Esta es una expresión que hace unos cuántos años acompañaba frecuentemente los recordatorios de las defunciones, y que alguna vez vuelve a aparecer en la actualidad. No tengo nada en contra y me parece muy bien que aparezca de nuevo, siempre y cuando sea cierto esto que dice. Lo que pasa es que, desgraciadamente son muy pocas las personas que mueren habiendo recibido los santos sacramentos y la bendición apostólica; y este hecho es un motivo de gran tristeza para un pastor de la comunidad cristiana y lo tiene que ser también para cualquier fiel de Jesucristo.
Uno se da cuenta que la mayoría de los cristianos sólo lo son de nombre, porque un día los bautizaron, y después han continuado haciéndose un cristianismo selectivo, a su medida, que tiene poco que ver con el reconocimiento y la adoración de Dios verdadero y, en cambio va en busca de la idolatría del propio yo. Ante algunas fiestas de bautizos, primeras comuniones o bodas, ¿Dios no podría decir: «Este pueblo se me acerca de palabra, me honra con los labios, pero su corazón se mantiene lejos de mí. La veneración que me tienen es tan sólo un precepto humano, una rutina aprendida» (Is 29,13)? Estas palabras del profeta, ¿no nos tendrían que hacer plantear el sentido de nuestra vida cristiana? Y además del sentido de la vida, también nos tendrían que plantear el sentido de la muerte, porque en este mundo sólo estamos de paso, y a veces vivimos como si no nos tuviéramos que morir nunca. ¡Ah! ¿Pensamos bastante que un día nos tendremos que presentar ante Dios, que juzgará nuestra vida?

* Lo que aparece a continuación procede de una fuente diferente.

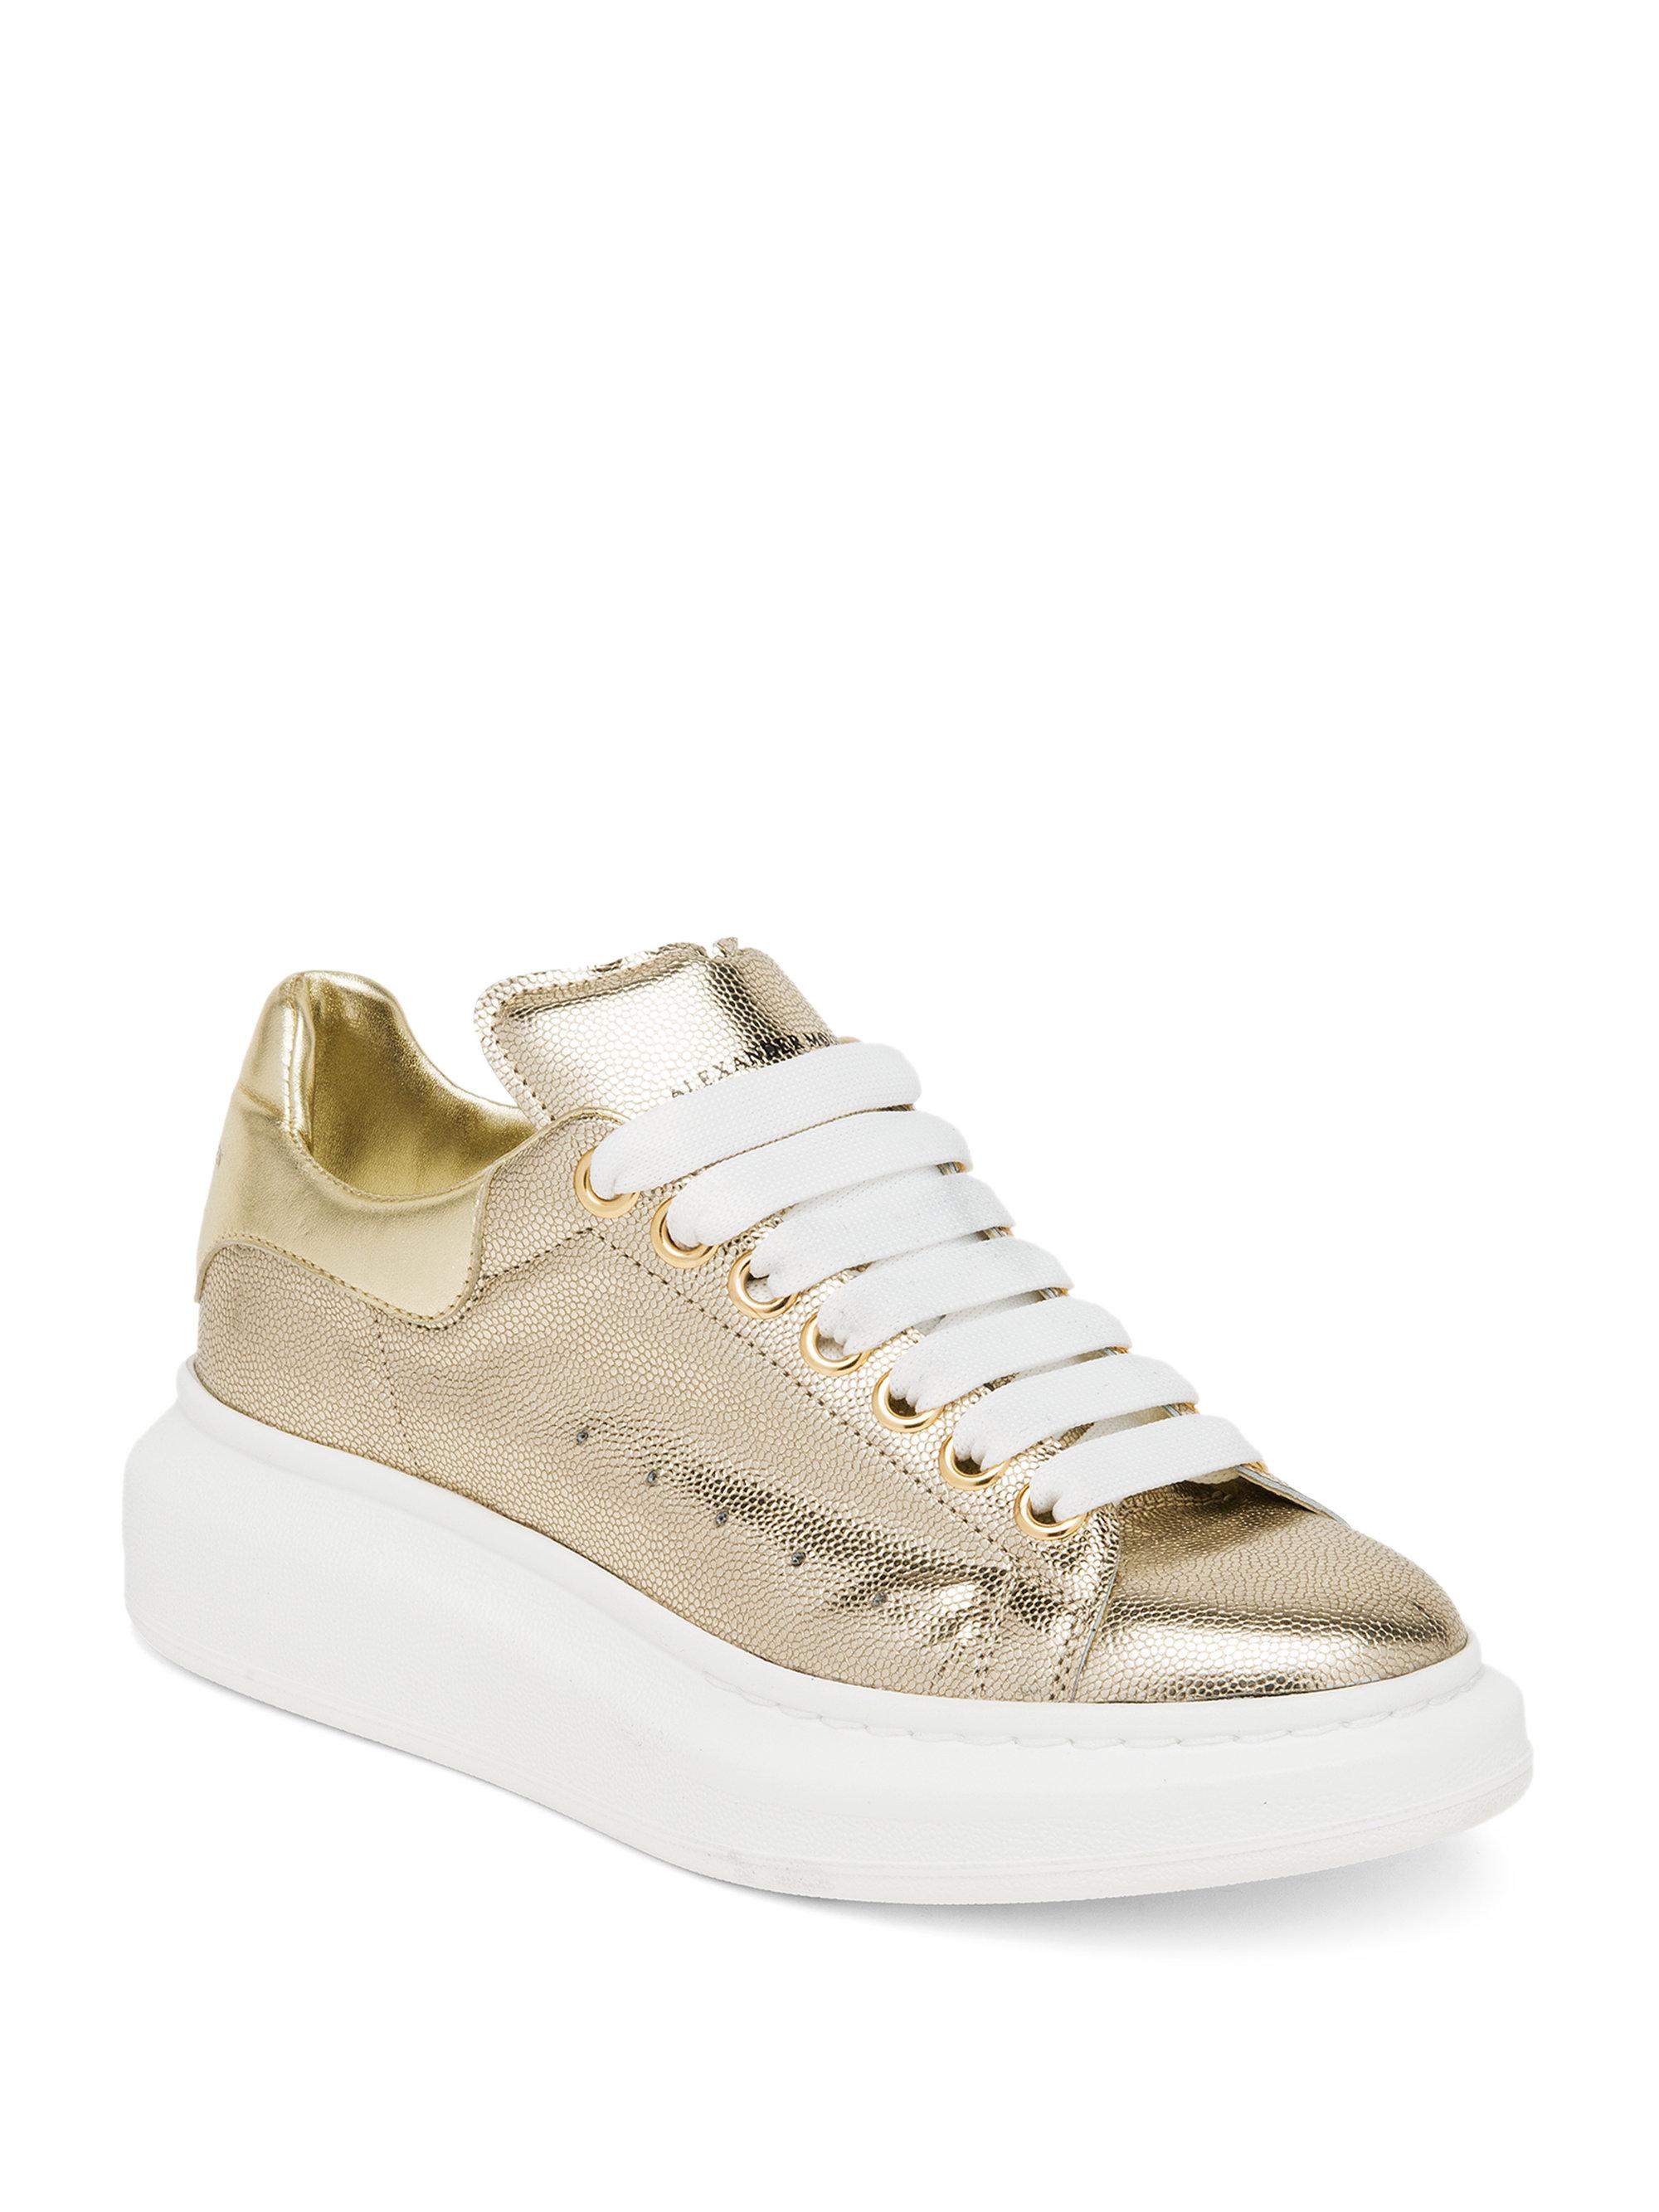 9f3617984 Alexander McQueen Embossed Metallic Leather Platform Sneakers in ...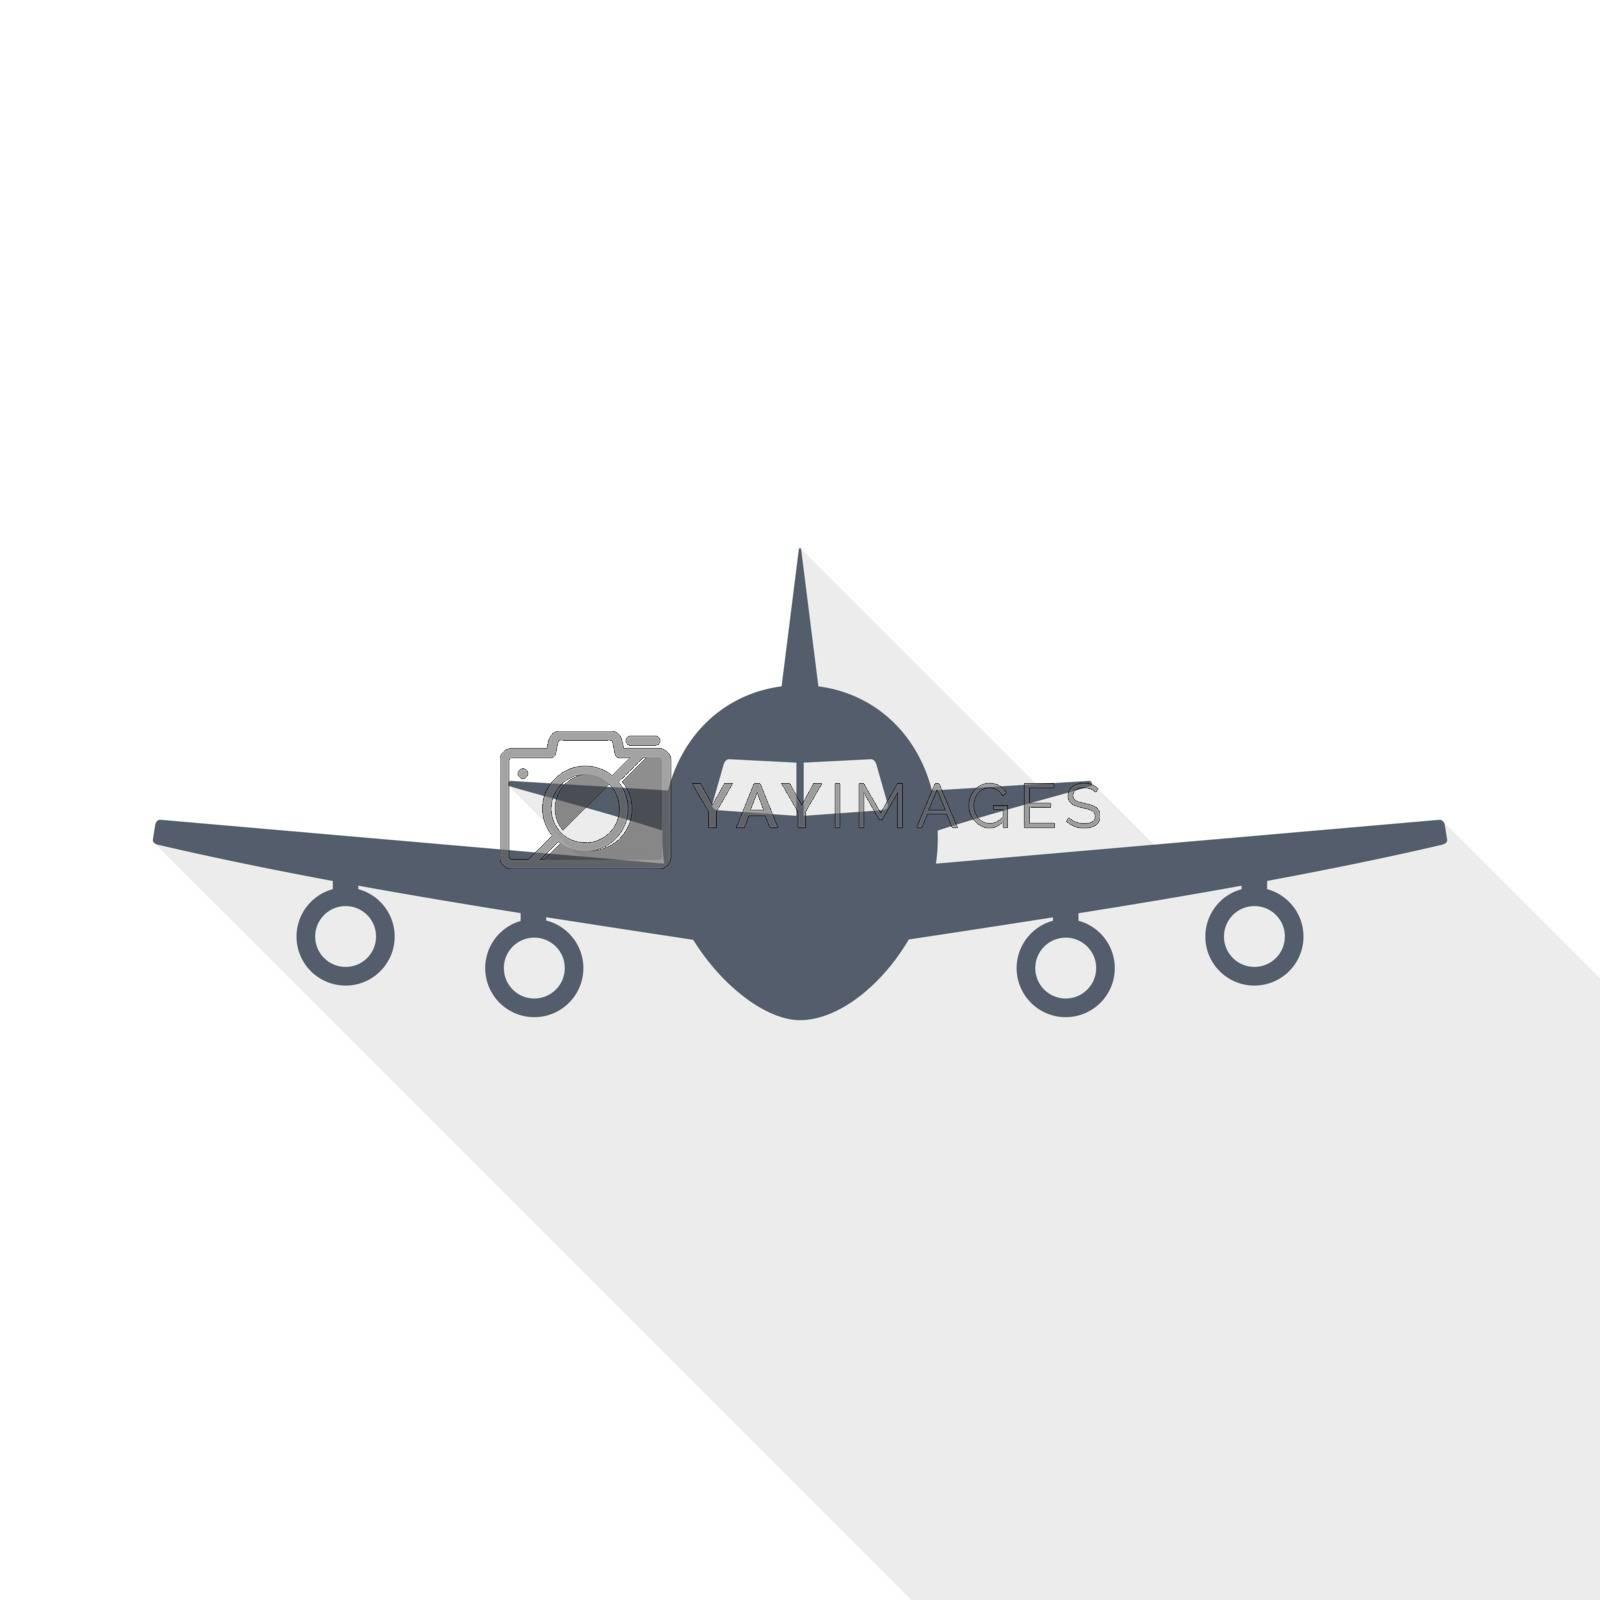 flight, plane, aircraft concept flat design vector icon

La enfermedad nos muestra la caducidad de la vida, pero a la vez, junto con el sufrimiento y la incertidumbre que comporta, también nos abre las puertas de la esperanza gracias al ejemplo de Jesucristo, que se acercaba a los enfermos, se compadecía de ellos y los curaba. Jesucristo curaba los enfermos en un doble sentido: a unos los curaba de su enfermedad y a otros los daba confort espiritual; ahora bien, en los dos casos, los enfermos recibían el perdón de sus pecados. La misericordia de Jesucristo hacia los enfermos se manifiesta hoy en el sacramento de la unción y en la comunión traída a las personas que sufren en la cama del dolor. La unción no es un hecho siniestro, ni la corroboración de una sentencia de muerte ante un hecho irreversible, sino el sacramento que conforta los enfermos y que, en algunos casos, determinados por Dios les devuelve incluso la salud. Por eso, la unción no es un sacramento para darlo in extremis a los moribundos, sino un sacramento para los enfermos, aunque de la enfermedad no se derive peligro de muerte.
Es triste ver como hay personas que se consideran cristianas, pero no llaman el sacerdote para que visite a sus familiares enfermos, privándolos así de una gran ayuda espiritual; o avisan, cuando el enfermo ya está inconsciente, o quizás acaba de morir. «No queremos que se asuste», acostumbran a decir, ¡Dios mío, qué visión tan triste del sacramento de la unción, del ministerio sacerdotal y de la cura de los enfermos! ¿Tendrían el mismo temor si lo tuvieran que convencer porque tiene que firmar el testamento? Aprovechemos y valoremos, pues, todos los medios que Dios nos da para cultivar nuestra relación con él; no vivamos en el olvido de todo y en la des-preocupación, ni a lo largo de la vida, ni en la enfermedad, ni a la hora de la muerte, porque en todas las etapas necesitamos el alimento espiritual que nos fortalece y hace más estrechada nuestra relación con el Señor.